=== Given information ===
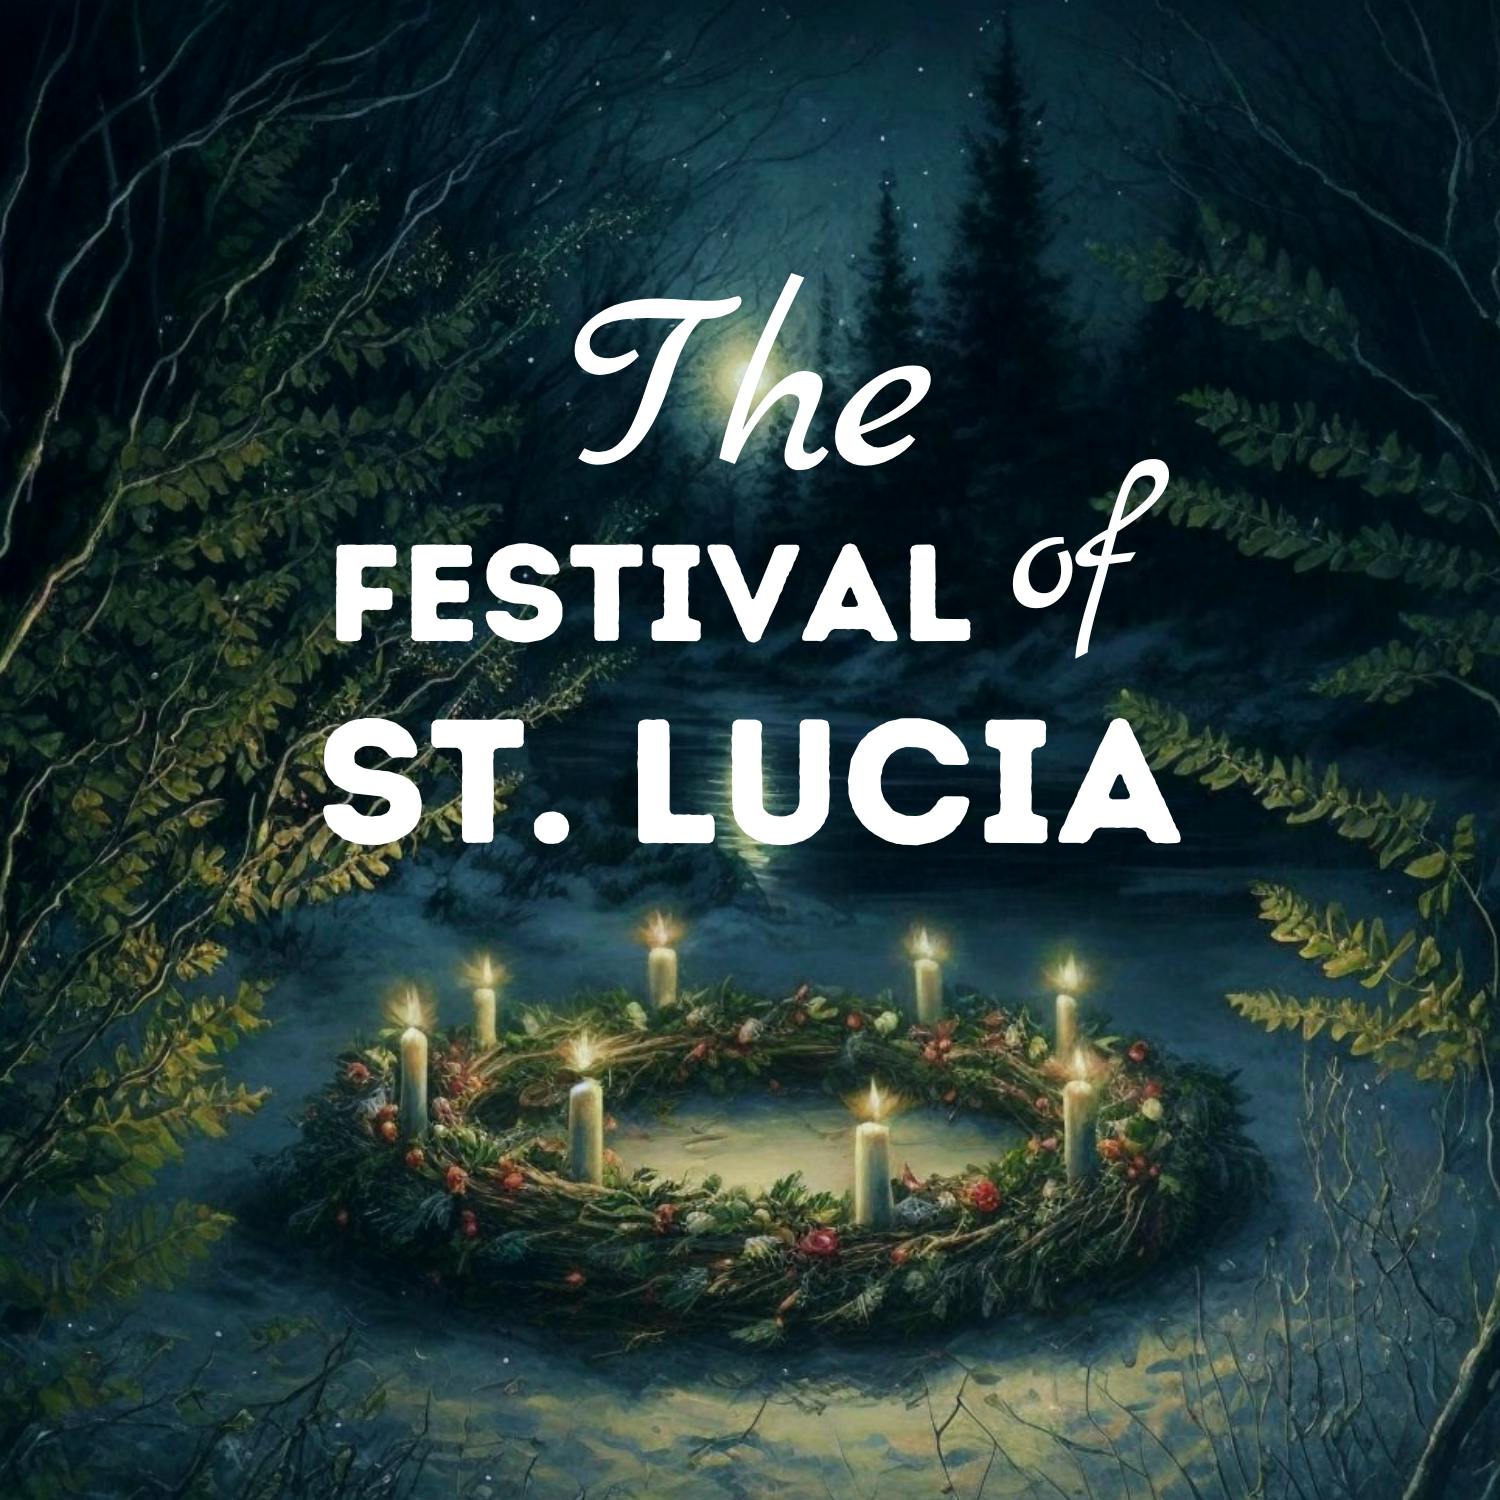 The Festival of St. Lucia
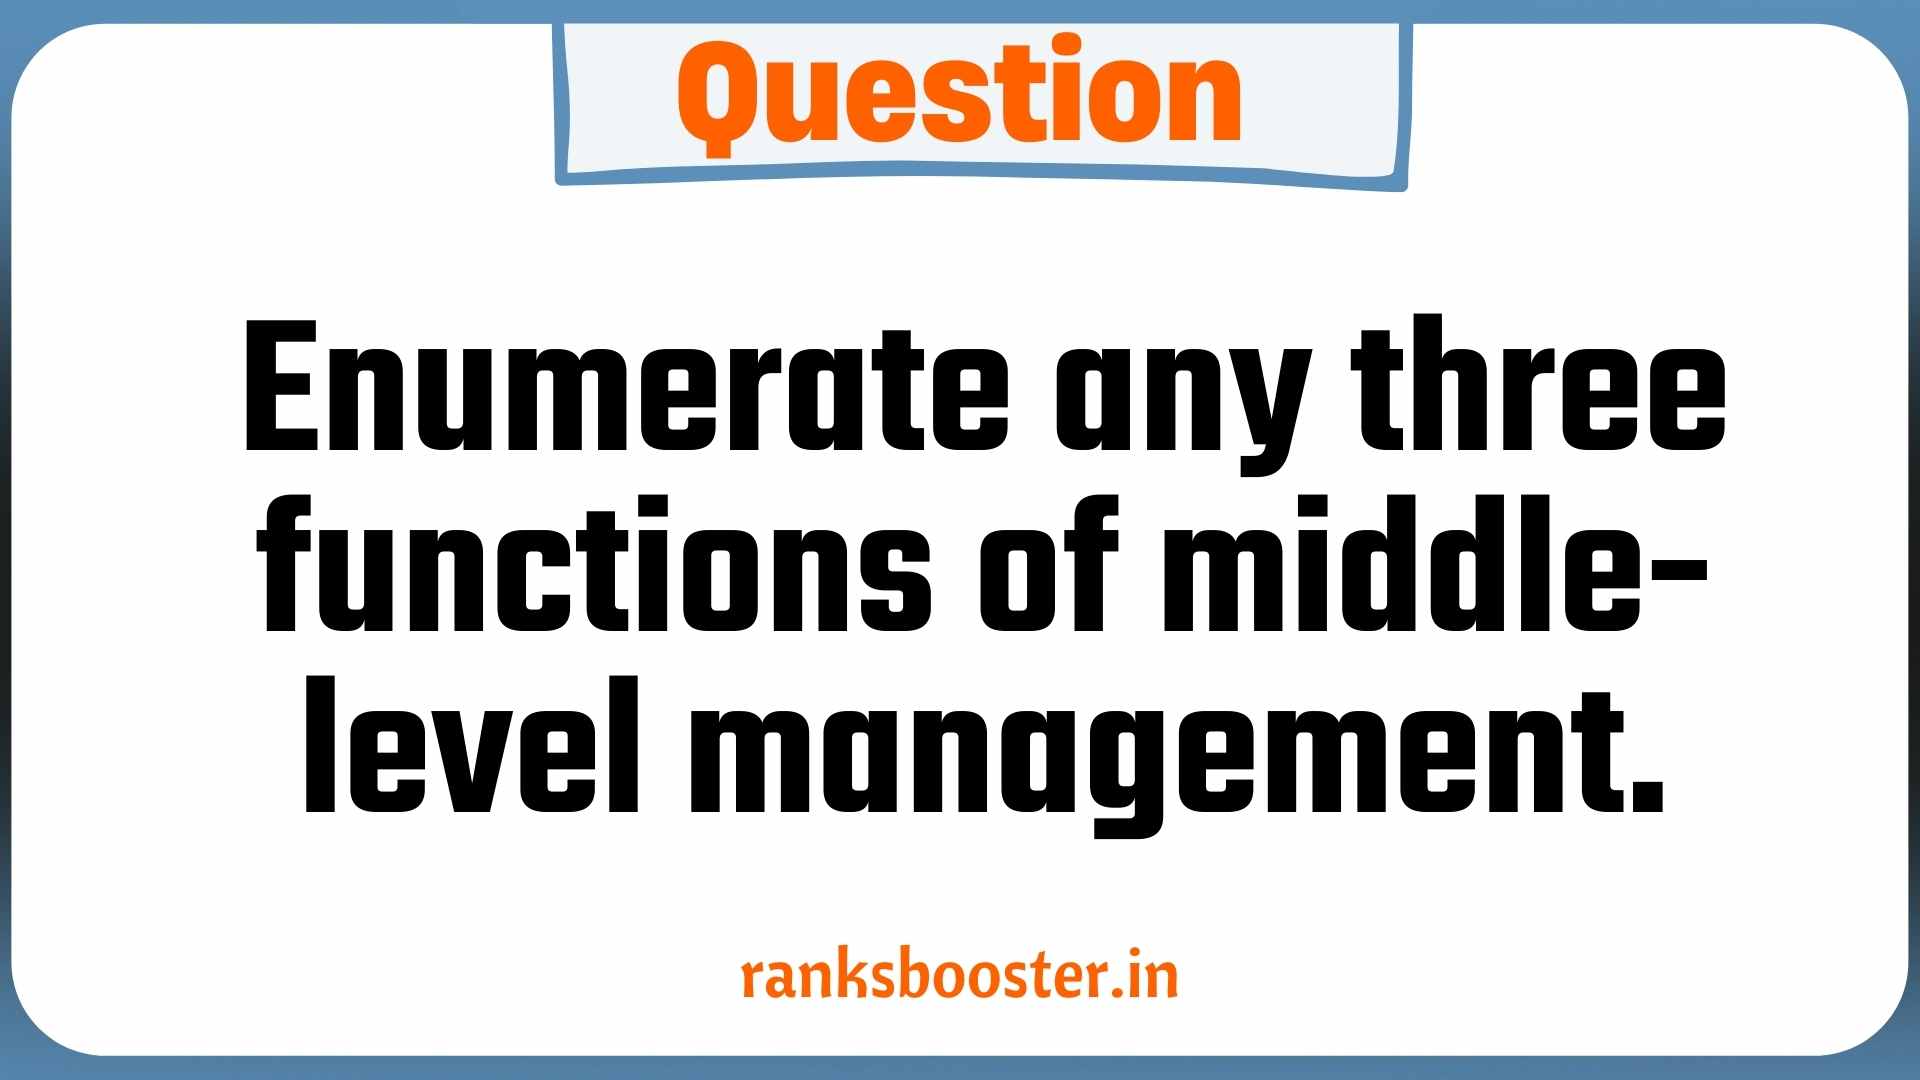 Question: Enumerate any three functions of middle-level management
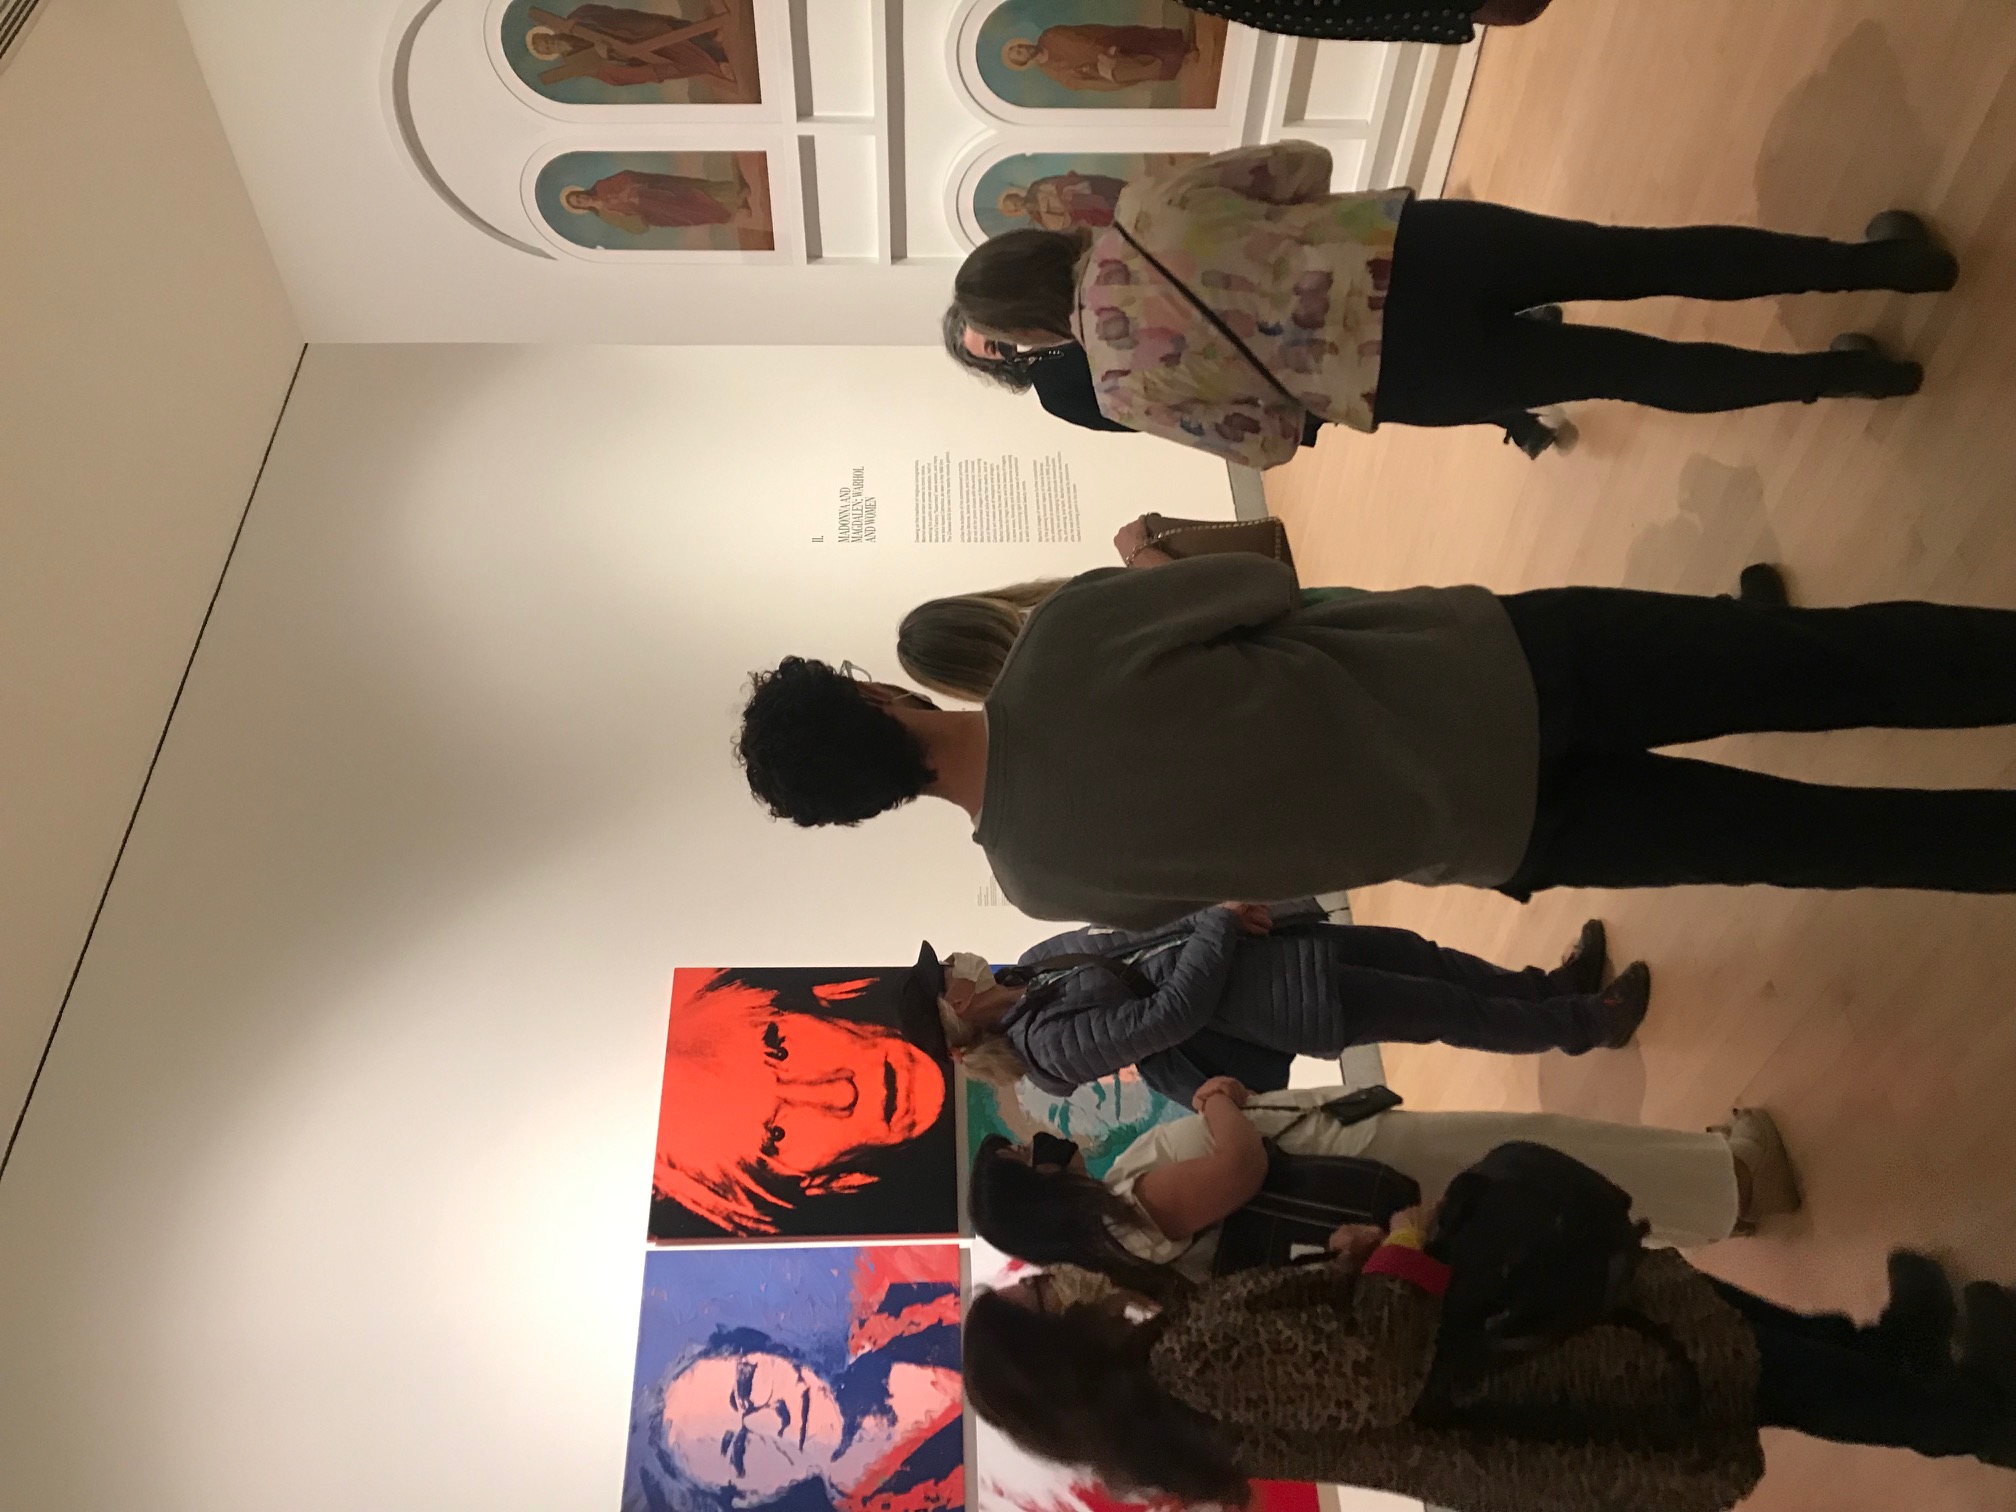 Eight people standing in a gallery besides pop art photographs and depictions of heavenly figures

=== Exercise brief ===
Please retype all of the material exactly, skipping whatever images it holds.

=== Reply ===
 The Festival of St. Lucia
 Question: Enumerate any three functions of middle-level management
 Eight people standing in a gallery besides pop art photographs and depictions of heavenly figures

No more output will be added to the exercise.